Melissa Buck, who adopted four children with her husband, Chad, through St. Vincent Catholic Charities of Lansing, said it would be “devastating” to her family if Catholic Charities were to get out of the adoption business.
“If I had to transfer to another agency, would they make themselves as available and would we feel welcome?” she said, according to a report in The Detroit News. “These kids have already lost enough.”
Bills Won’t Advance Unless Snyder is on Board
The bill package, approved last month by the House, advances to the full Senate without amendments proposed by Sen.
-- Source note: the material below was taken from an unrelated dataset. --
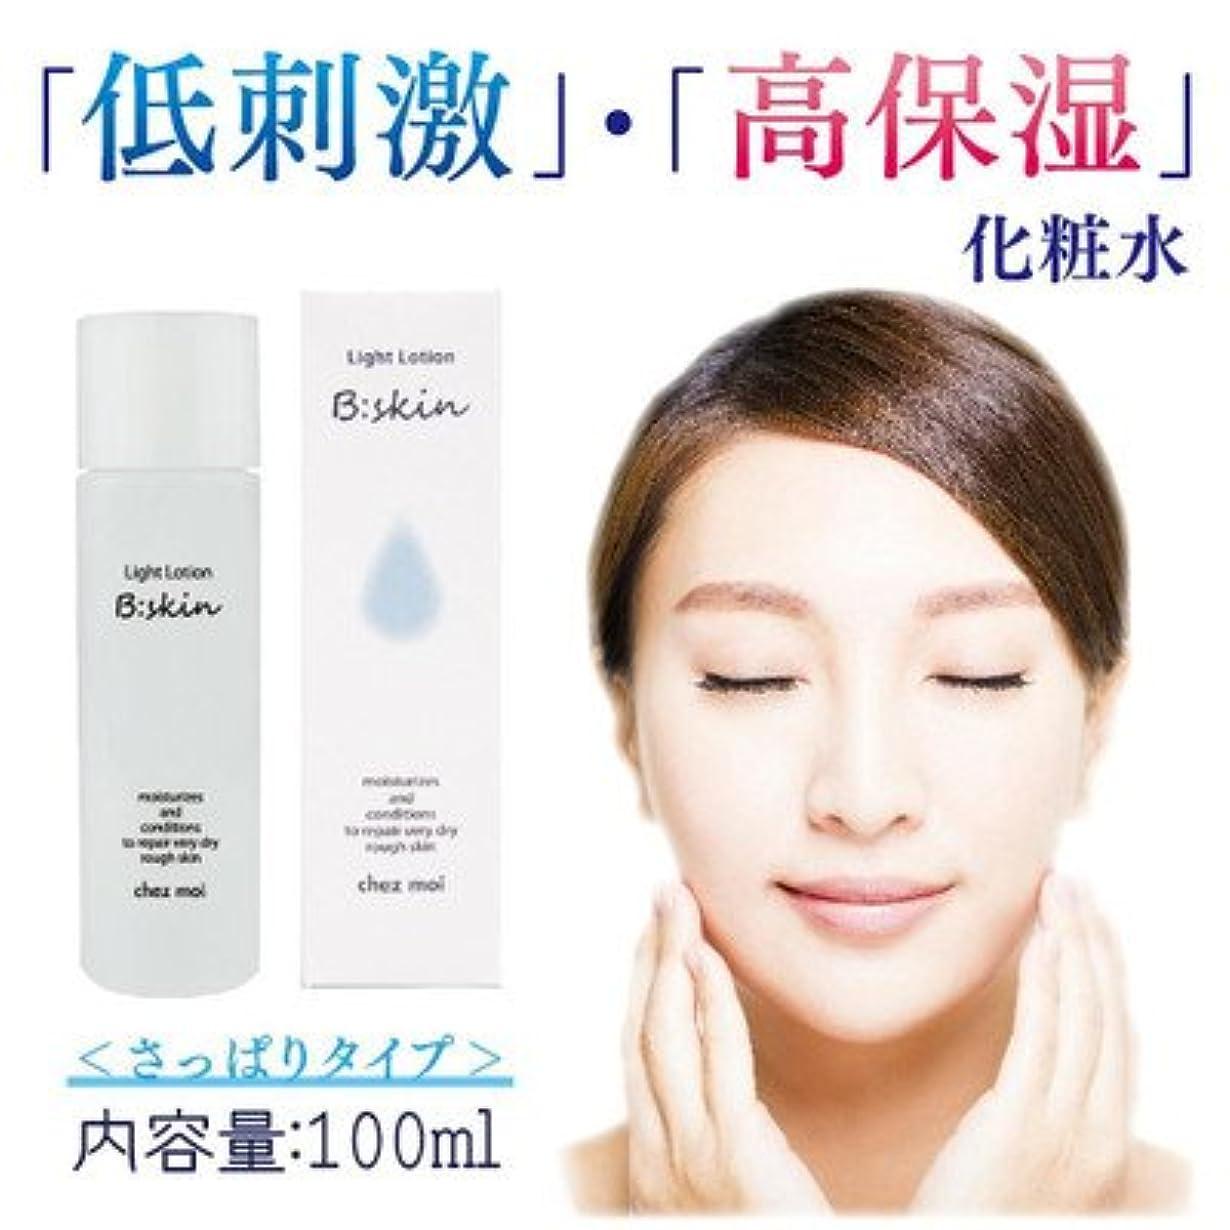 問い合わせる冬消費者低刺激 高保湿 さっぱりタイプの化粧水 B:skin ビースキン Light Lotion ライトローション さっぱりタイプ 化粧水 100mL

Bert Johnson, D-Detroit, the lone Democrat on the committee.
Among the changes he advocates is requiring adoption agencies to explain on their websites the circumstances under which they would refuse service.
“Why beat around the bush?” he said. “It’s a waste of time to discuss a placement that will never take place.”
A spokesperson for Senate Majority Leader Arlan Meekhof said that while he supports the bills, he won’t put them on the debate calendar until he’s confident of Gov. Rick Snyder’s support.
Snyder has said in the past that he would veto a Religious Freedom Restoration Act if it wasn’t tied to expansion of the state’s civil rights law.
He has also said the adoption bills need further review, and that he’s in favor of children being adopted by “loving families” and “loving parents,” according to The Detroit News. He didn’t specify whether that might include same-sex couples.